About 30 years ago, when I was Chief of the Vision Therapy Services at S.U.N.Y. College of Optometry, one of the favorite scenarios we posed to interns during their practical examinations was this: A parent walks by your vision therapy room and sees a trampoline. She asks: “That’s interesting. Why do you have a trampoline in your office? I’d expect to see that in an occupational therapy practice, but what does it have to do with vision?” How do you answer her question?
Although there are several lines of approach to the question, including motor control, balance, rhythm, and so forth – we were looking for something specific and unique to vision. Our colleague, Dr. Marty Birnbaum, zeroed in automaticity as related to fusional vergence therapy. His article in the AOA journal (1995) is still a classic on the subject, so for your reading pleasure here is the abstract:
Fusional vergence therapy is typically performed under conditions that permit the patient to direct considerable attention and effort to the visual task. Unless visual function is sufficiently automatic as to require minimal attention and effort, attention directed toward visual function may detract from that available for cognitive processing. This report describes a method to develop greater automaticity of fusional vengence through the use of concurrent demands.

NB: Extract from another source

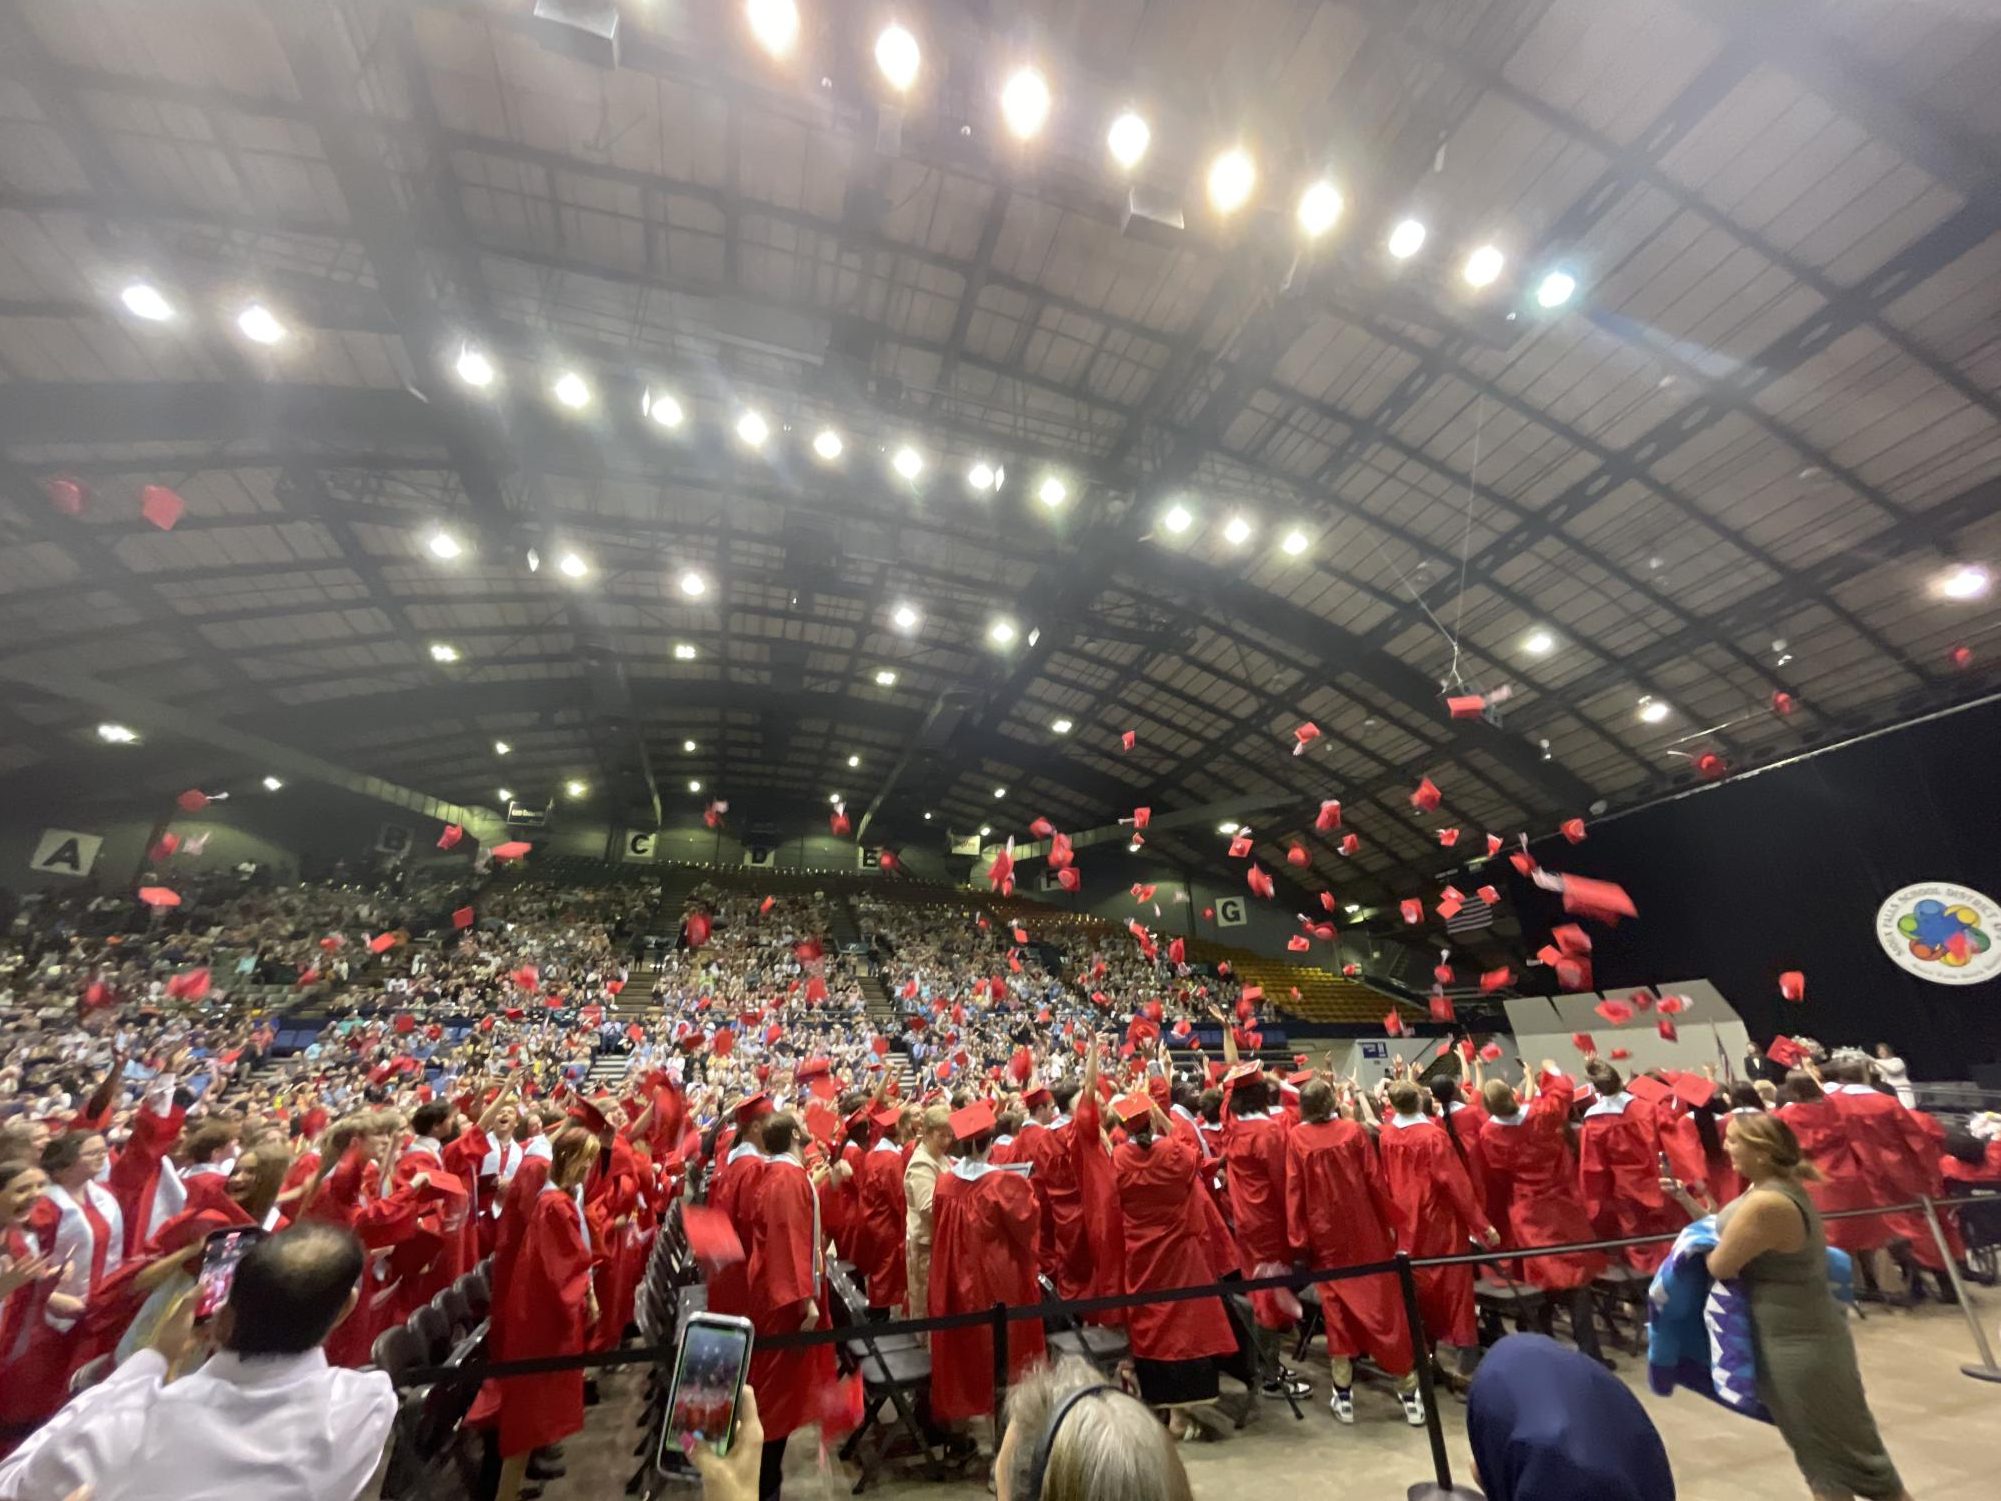 The class of 2023 throwing their graduation caps after they walked the stage at the Denny Sanford Premier Center.

A retrospective pilot study of patient records was performed to assess the use of a concurrent motor demand (bouncing on a rebounder) to develop automaticity of fusional vergence.
In most cases, patients who achieved adequate fusional vergence without the concurrent motor demand demonstrated a decrease in fusional vergence ranges when the motor demand was added, and then improved with practice so that vergence ranges while bouncing on the rebounder approached those achieved while seated. This pattern was obtained in 75 percent of the base-out and 57.1 percent of the base-in protocols. Some patients who showed a decrement in performance with introduction of the concurrent demand failed to improve with practice; this pattern was observed in 28.6 percent of the base-in protocols, but in none of the base-out protocols. Some patients showed no decrease in performance when the concurrent distracting task was introduced (observed in 25 percent of the base-out protocols and 14.3 percent of the base-in protocols).
In most cases, maximum automaticity is not achieved when fusional vergence is trained under conditions that permit the patient to devote full attention to the vergence task. Introducing concurrent distractors may be desirable to automate performance and enable the patient to maintain fusional vergence even while attention is directed to the concurrent task. Heightened automaticity may reduce the effort and attention that must be directed toward binocular function, and hence maximize attentional capacity available for information-processing, comprehension, and performance on the task at hand.
These days the question actually becomes a bit easier, because the widespread benefits of rebounding or trampolining are almost universally acknowledged.